# [ACTIVITY]
Starting at the line with "CCM Tacks XF90 Hockey Skates - Senior" and stopping at the final line, retype the data below exactly; do not carry over any pictures.

DATA BLOCK START

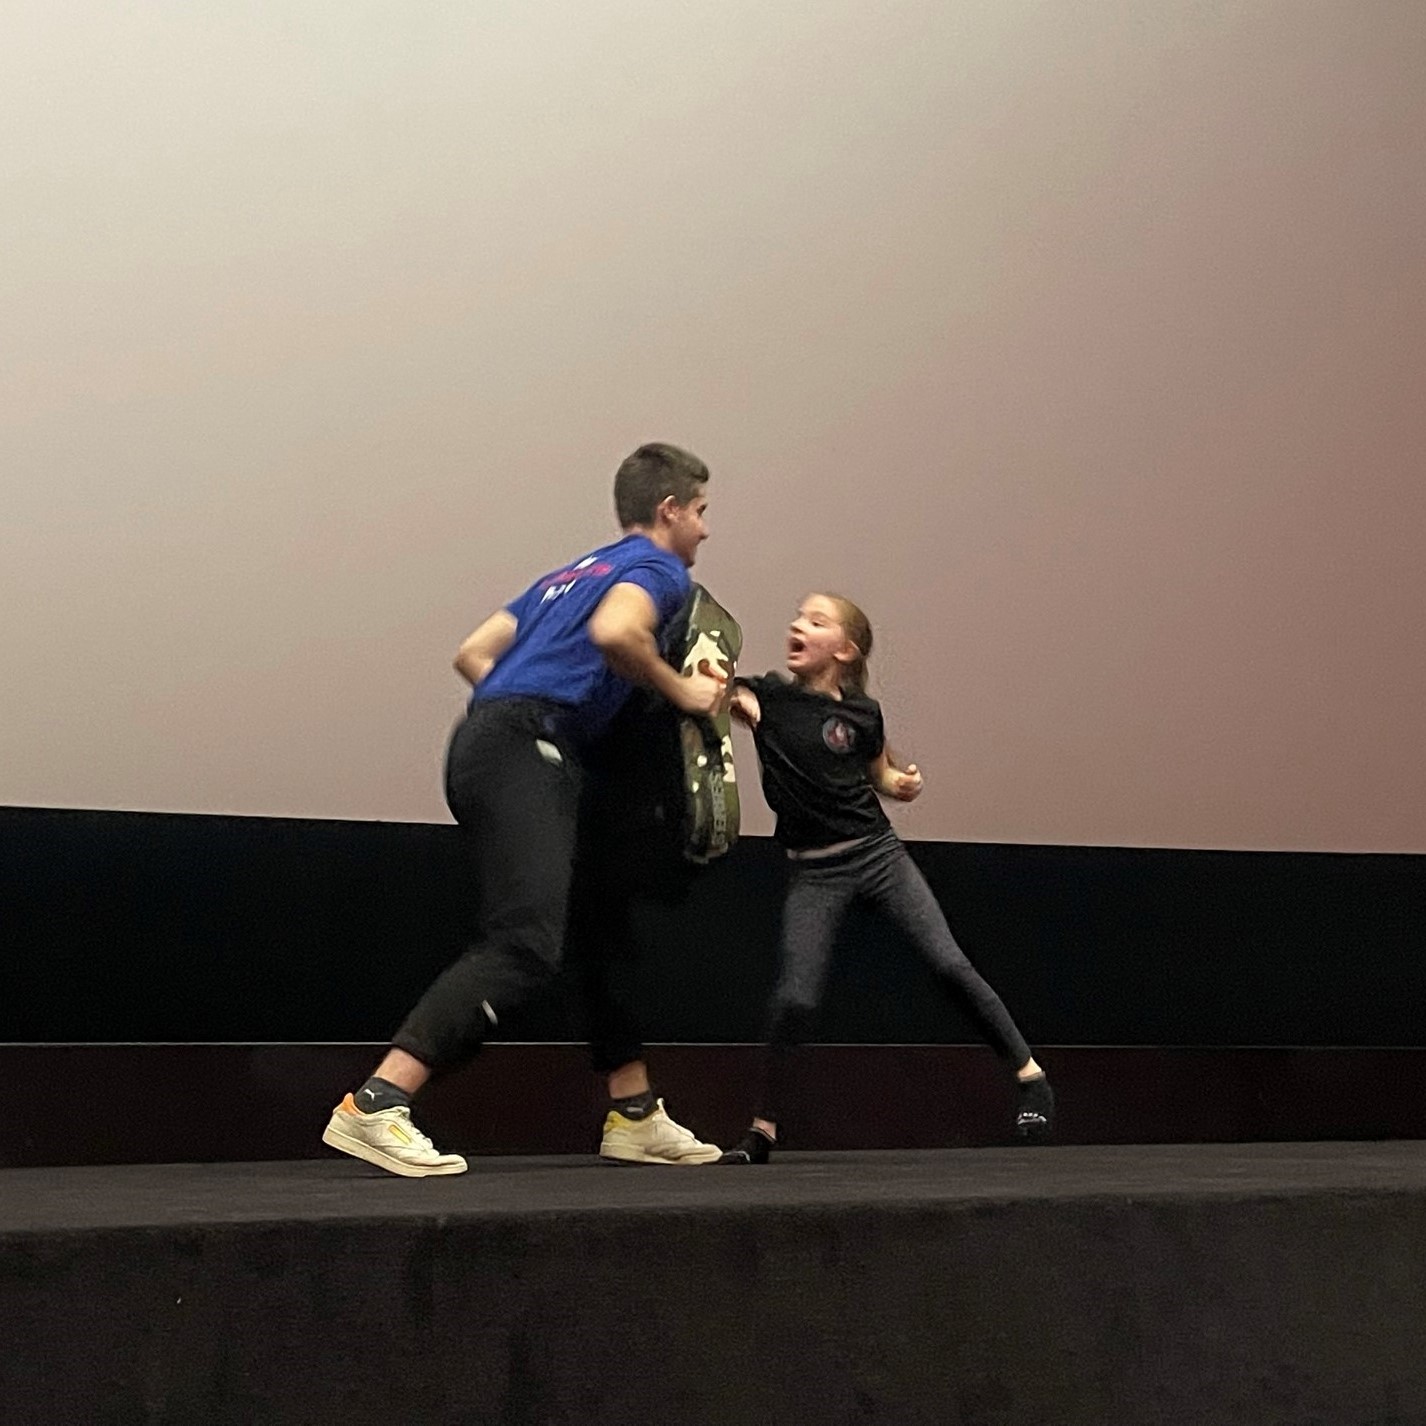 Sebeobrana pro ženy v Cinestar plzeň
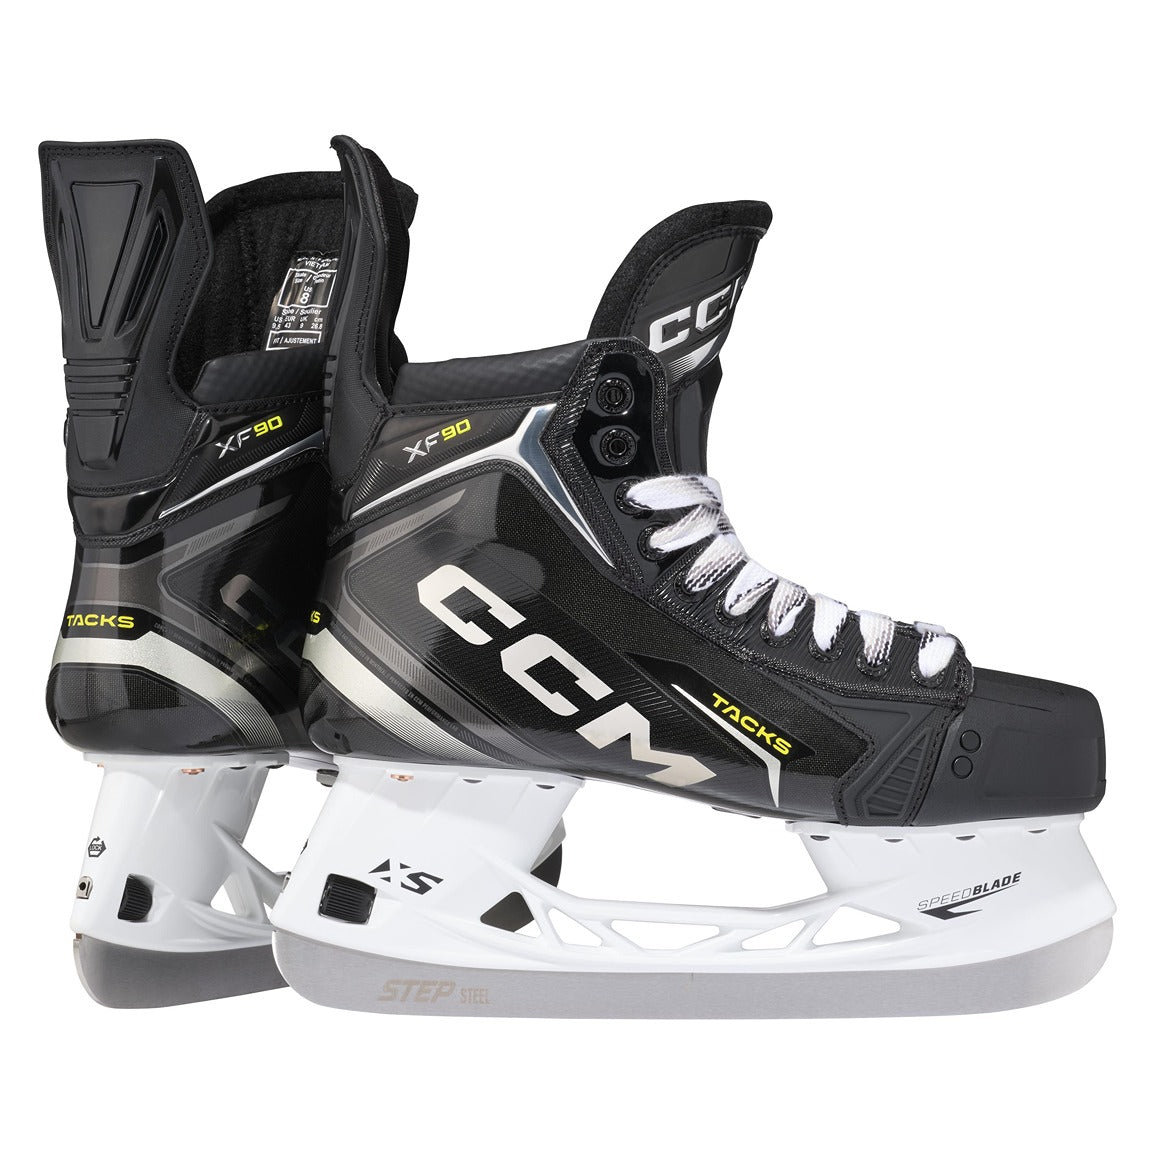 CCM Tacks XF90 Hockey Skates - Senior
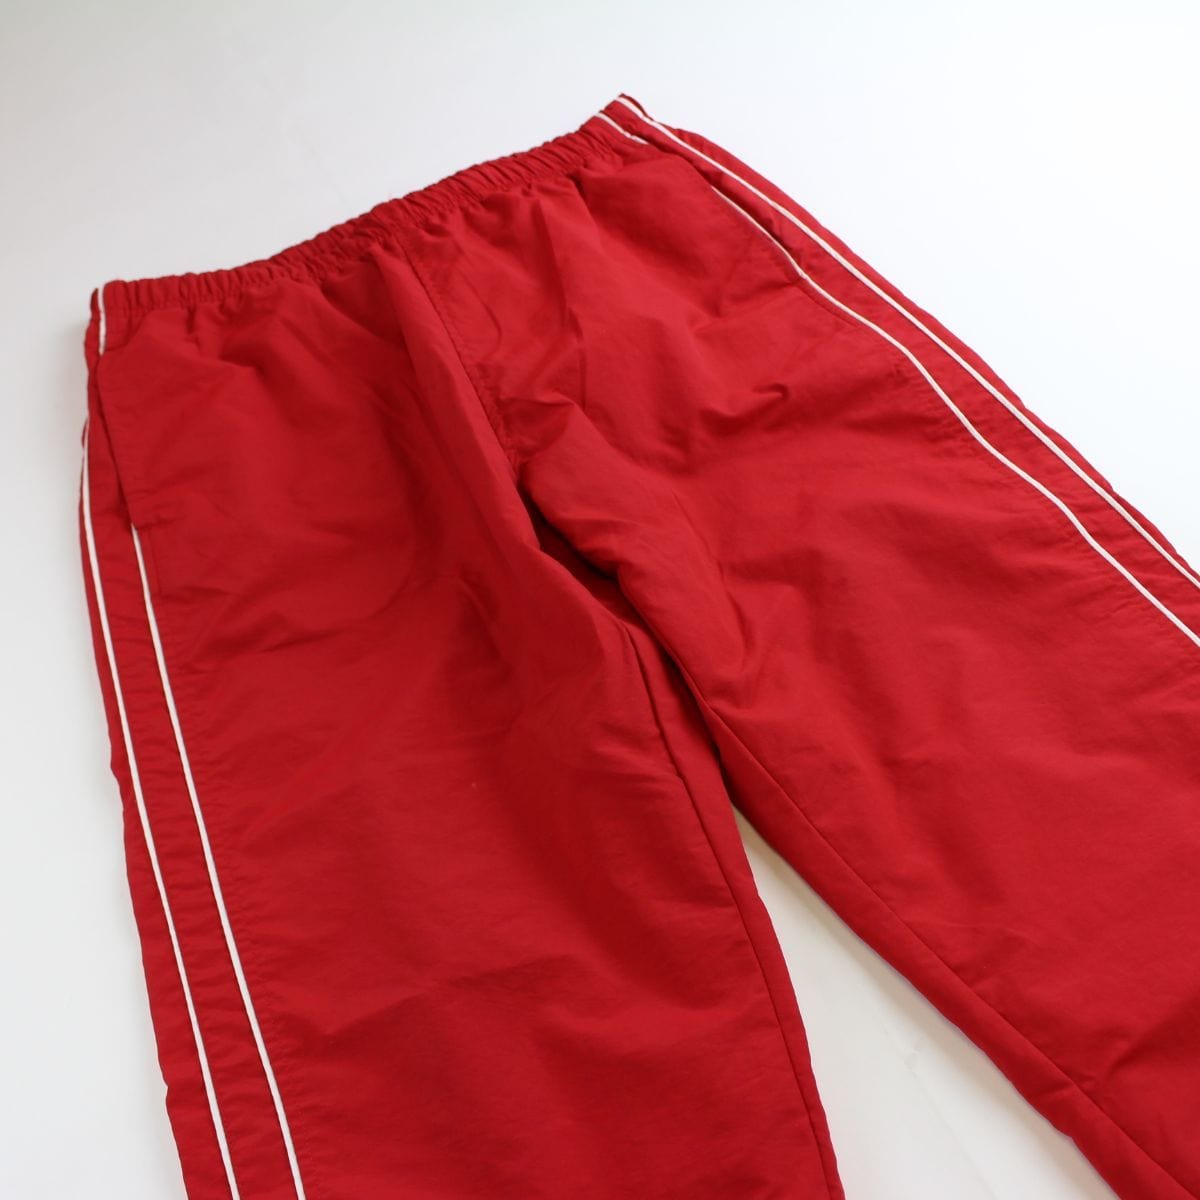 supreme red track pants - SaruGeneral

DATA BLOCK END

# [SOLUTION FOR THIS TASK]
 CCM Tacks XF90 Hockey Skates - Senior
 supreme red track pants - SaruGeneral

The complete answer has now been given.